Его утлую лодчонку несет на своем хребте непостижимая река времени, и неизвестно, что ждет пловца за первым же ее поворотом, а он знай себе плывет и плывет, не оглядываясь.
Поручик Караев плыл, не оглядываясь. Может быть, не на что было ему оглянуться? Нет, было! Был застывший в четкой неподвижности строй юнкеров, были парадно сверкающие люстры актового зала, был серебробородый генерал с отечными подглазьями, начальник училища, отечески басивший:
– Юнкера, поздравляю с досрочным производством в офицеры, с милостивой телеграммой монарха. Уверен, что в ратных делах покажете пример доблести и бесстрашного служения царю и отечеству! Ура!
Молодые глотки громово рявкают в ответ свое многоголосое «Ура!», и хрустальные висюльки парадных люстр отзываются на звуковую волну тоненьким печальным позваниванием.
Ничего этого уже нет! Ни серебробородого генерала, ни царя, ни доблестных ратных дел, поскольку фронт рухнул, как подгнившее в сердцевине дерево. Есть только отечество – бывшая Российская империя, Россия, матушка Русь и… как там еще?! Изнемогшая, измученная неудачной войной, разрухой в тылу, потрясениями революции. И есть он, поручик Сергей Караев, сын полковника Петра Георгиевича Караева, убитого под Мукденом еще в русско-японскую. Из предков поручика никто постельной смертью не умирал: прапрадед – офицер-гренадер – погиб в бою с конницей Мюрата в 1812 году, прадед пал смертью храбрых от английского ядра под Севастополем, дед – скобелевский офицер – от турецкой пули под Плевной.
На голове у их потомка защитного цвета фуражка с темным овалом на месте содранной офицерской кокарды, на плечах шинелишка солдатского сукна (складно, впрочем, пошитая), продутая и промороженная насквозь свирепыми эрзерумскими ветрами. На гимнастерке под шинелью Георгиевский солдатский крест – тот, что давали офицерам за личную храбрость в бою. А в нагрудном кармане шинели – завернутые в марлю погоны с одним просветом и тремя звездочками. Он при шашке, на поясе в кобуре верный друг – наган.

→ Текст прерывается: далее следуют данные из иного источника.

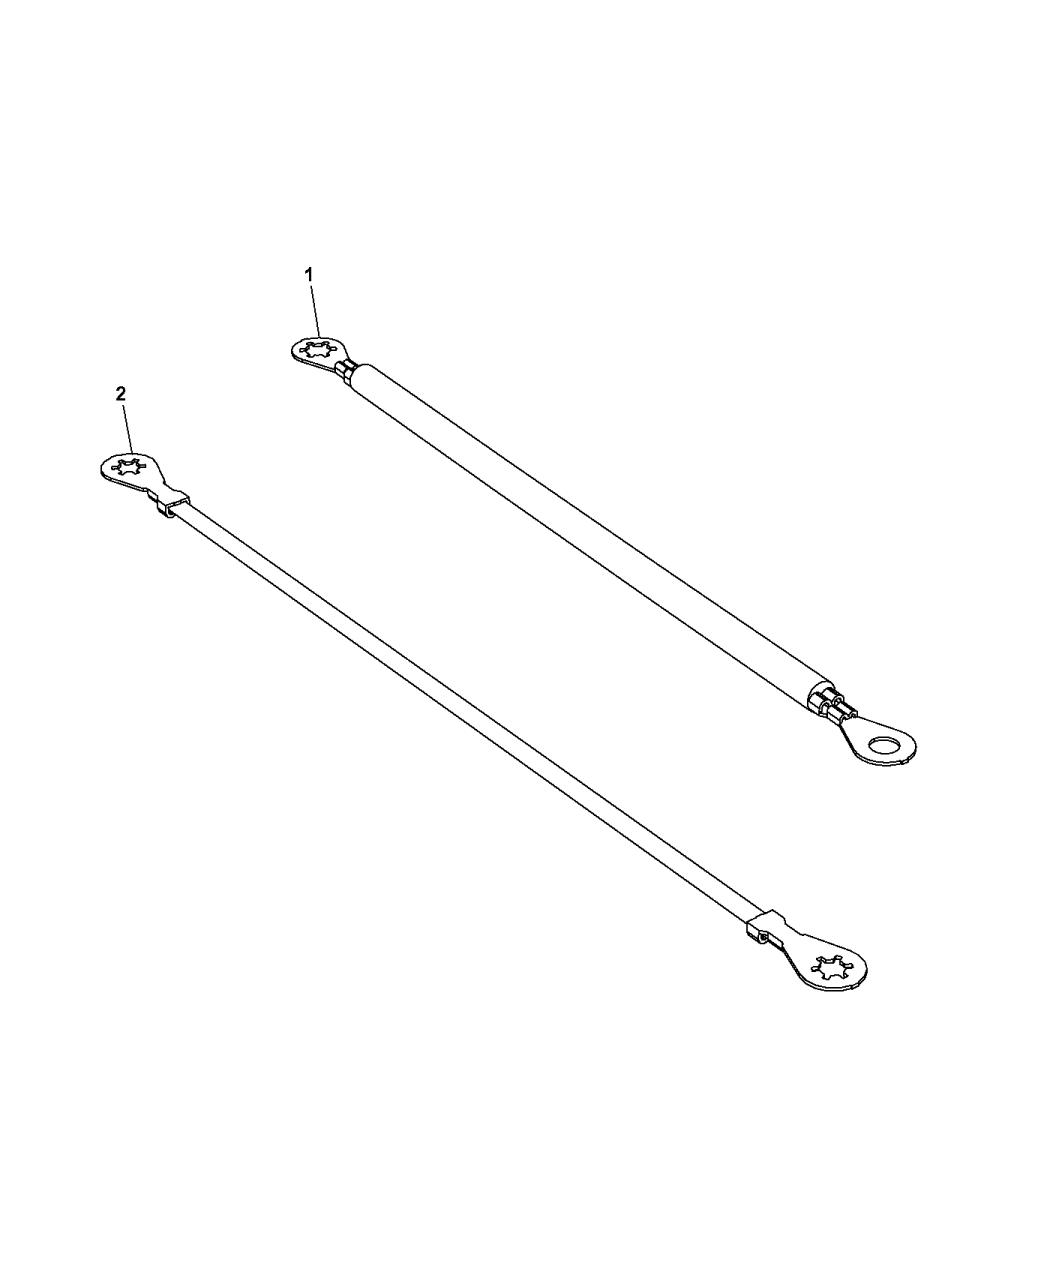 2015 Dodge Dart Ground Straps - Powertrain

В дорожном документе поручика сказано, что он уволен в отпуск для отдыха после ранения и направляется к семье в станицу Софиевскую на Кубань. Документ составил и подписал командир полка – добрая душа! – полковник Закладов. Вручая его поручику, сказал:
– Берите, поручик, и улепетывайте на законном основании! Правильно сделали, что сняли кокарду и погоны, чтобы христолюбивых гусей не дразнить по дороге. Да хранит вас аллах от сыпняка и от солдатских самосудов!
Глядя на осунувшееся, желтое от частых малярийных приступов лицо командира, любя и жалея его, поручик спросил:
– А как вы сами думаете жить дальше, Евгений Андреевич?

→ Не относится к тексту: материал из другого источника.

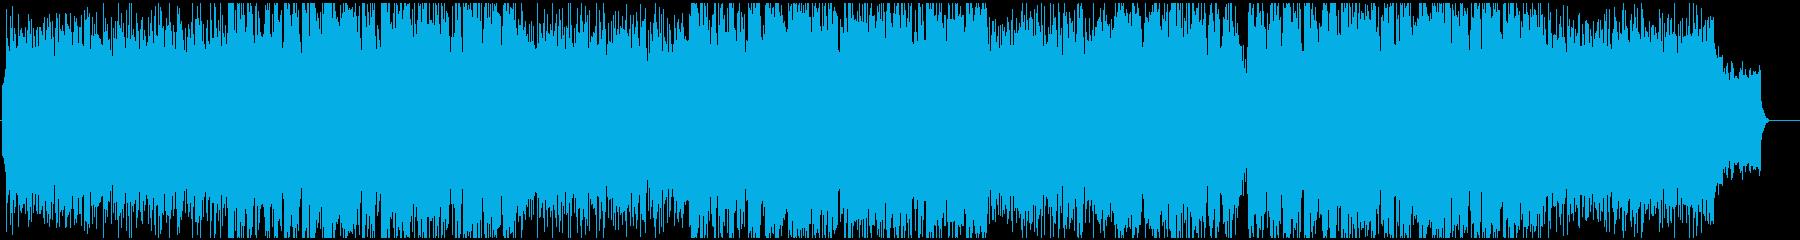 女性vo/前向き/ピアノ・ストリングスの再生済みの波形

Полковник усмехнулся невесело:
– За нас начальство думает! Но вообще-то… капитаны с тонущих кораблей сходят, как известно, последними… если, конечно, хотят и могут сойти! Ну, ладно, давайте-ка лучше выпьем с вами отвальную парочку, поручик!
Достал из ларца, стоявшего на колченогом столике в его землянке, две серебряные стопки, из настенного шкафчика – бутылку водки, налил вровень с краями.
– За вас, Сергей Петрович. Вы были одним из моих лучших офицеров. Будьте живы, здоровы и счастливы!
Выпили. Командир закусил водку порошком хинина, поручик – рукавом шинели. Истово, троекратно расцеловались. Через два часа поручик Караев должен был покинуть расположение полка, в котором прослужил всю войну, впоследствии названную историками первой мировой империалистической. В последнюю минуту к нему в землянку зашел штабс-капитан Окунев, один из немногих офицеров, еще не оставивших под разными предлогами разложившийся, как считали наверху, в штабах, полк. Кривя рот – результат старой контузии, – сказал:
– Пришел попрощаться. Уезжаешь, значит, Сергей?
– Уезжаю, Юра! Спасибо Закладушке – отпустил.
Штабс-капитан понизил голос:
– Строго конфиденциально. Как офицер с офицером – уполномочен офицерским союзом. Есть обращение к нам генерала Алексеева: направлять офицеров фронта на Дон, к генералу Корнилову. Он уже там – формирует Добровольческую армию. Пора кончать с товарищами из Советов рабочих, солдатских и рачьих депутатов… Вообще – со всей этой митингующей вшивой сволочью.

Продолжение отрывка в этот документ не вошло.